▶ _Input data_:
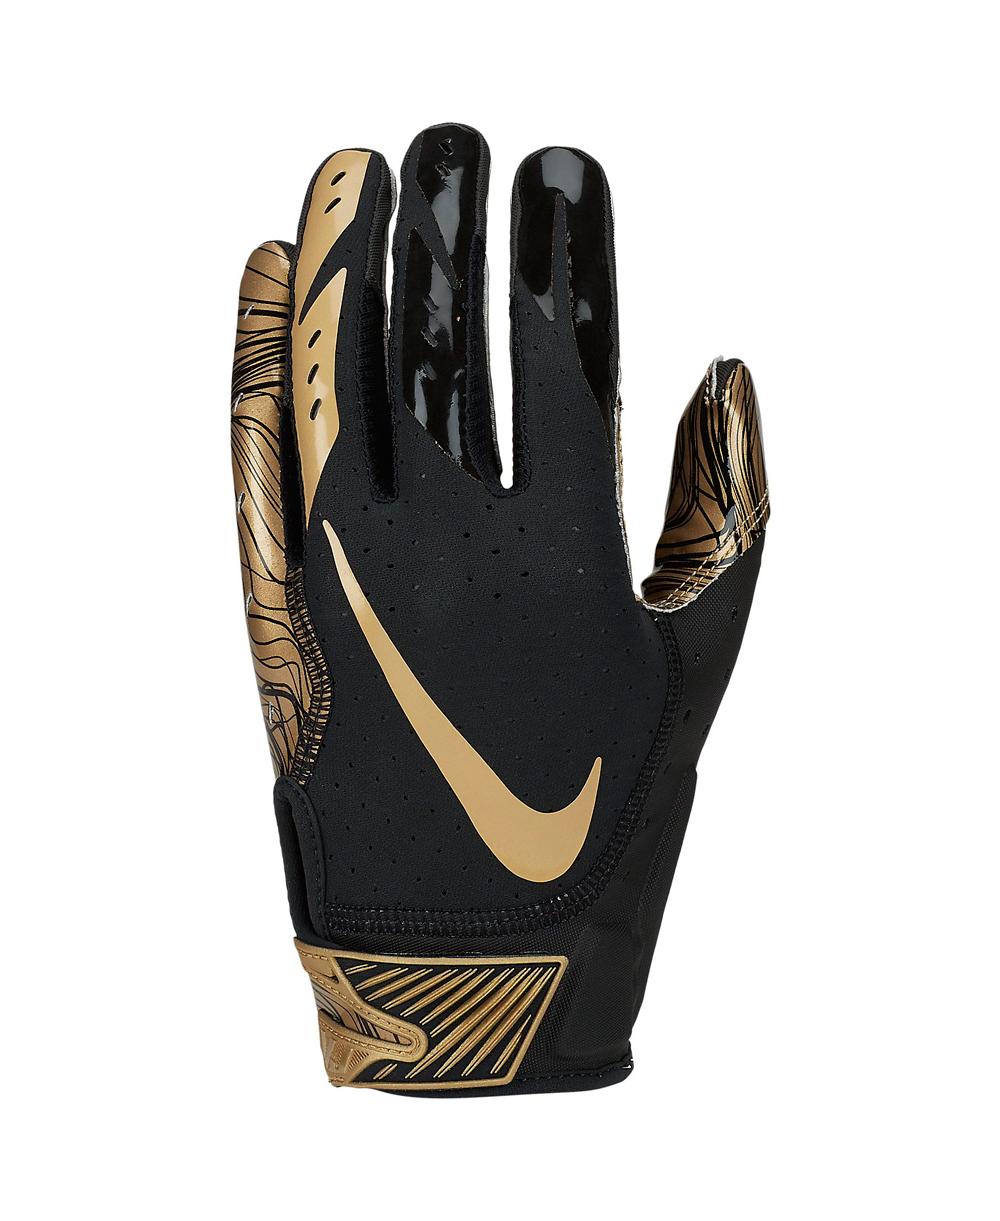 leather football gloves
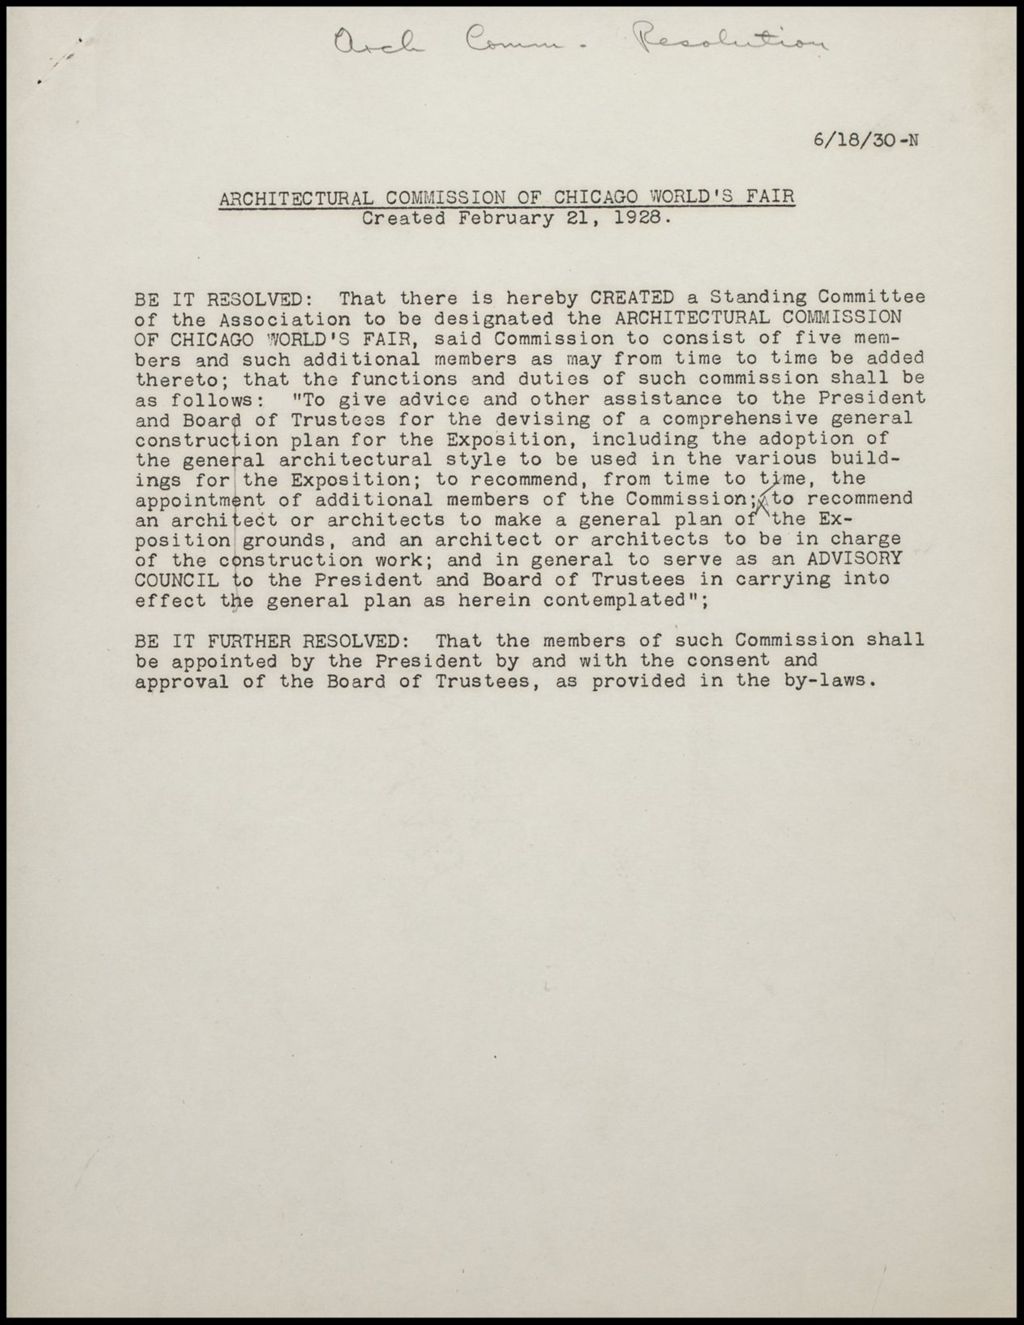 Miniature of Architectural Committee - resolutions, ca. 1933-1934 (Folder 5-44)
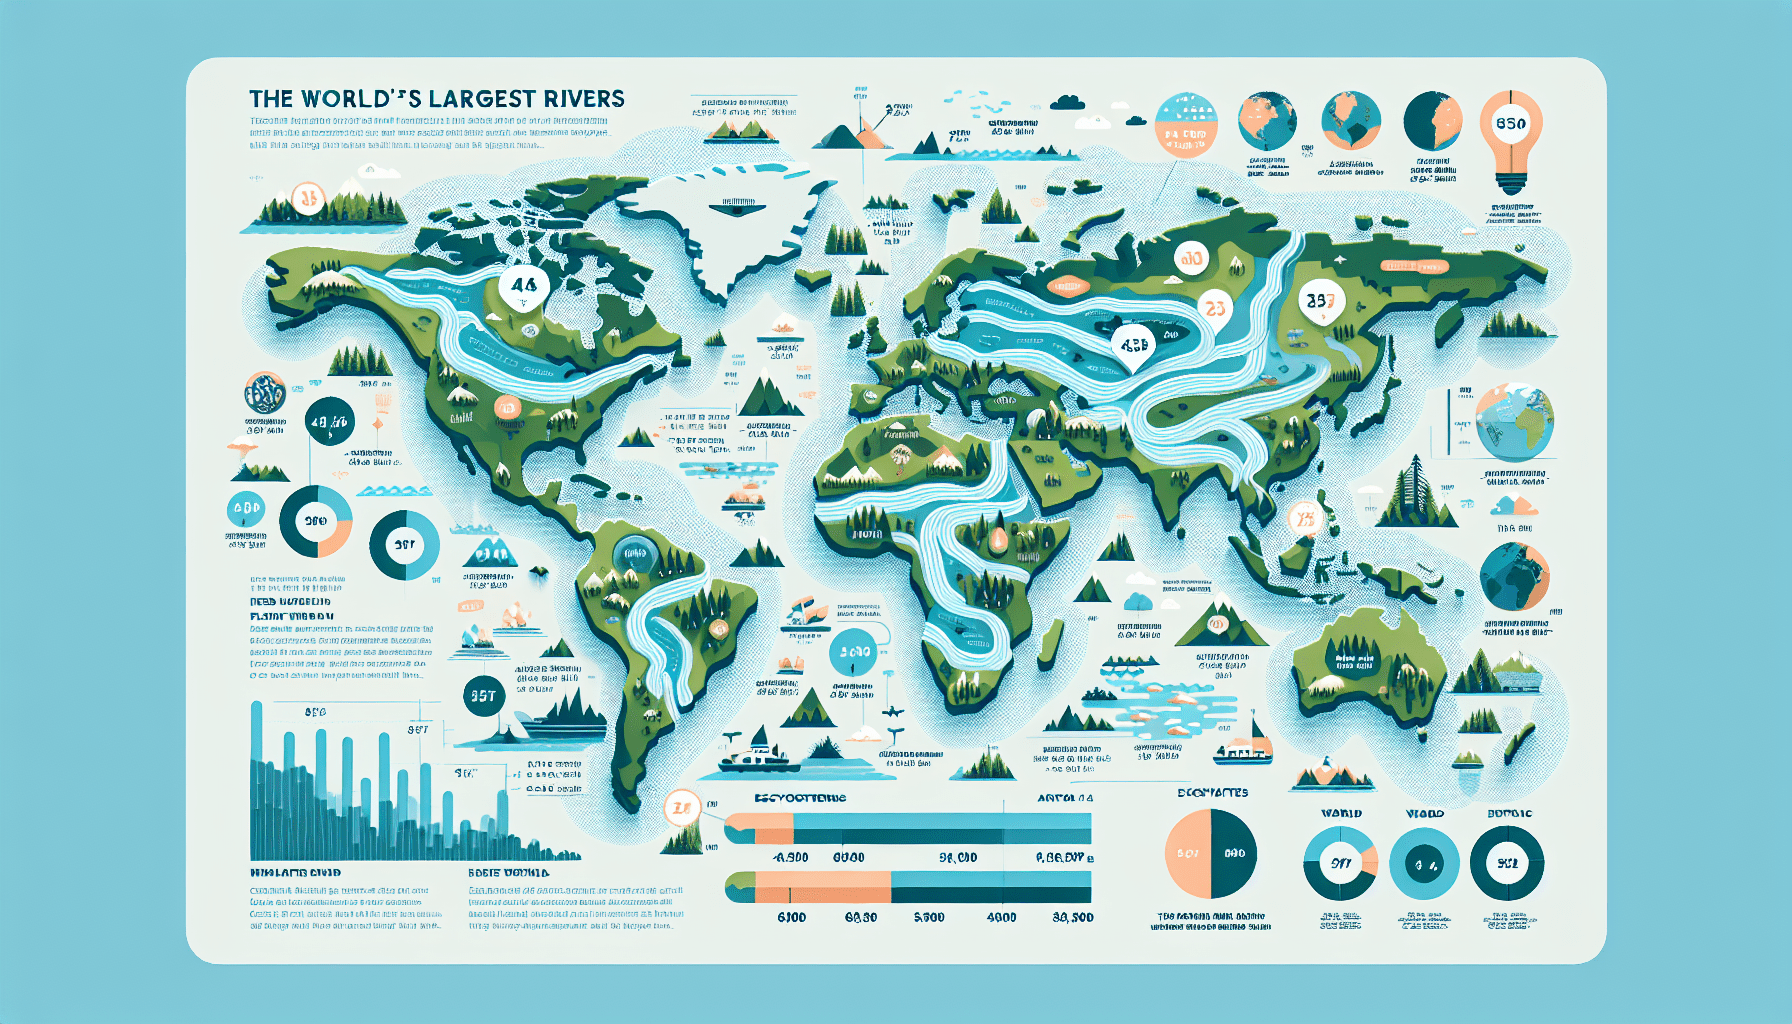 Who Is The Largest River?

▶ _Work instructions_:
What you need to copy is the run of lines from the one holding "Miniature of Architectural" through the end of the data, exactly and only, both ends included, pictures omitted.

▶ _Your solution_:
 Miniature of Architectural Committee - resolutions, ca. 1933-1934 (Folder 5-44)
 Who Is The Largest River?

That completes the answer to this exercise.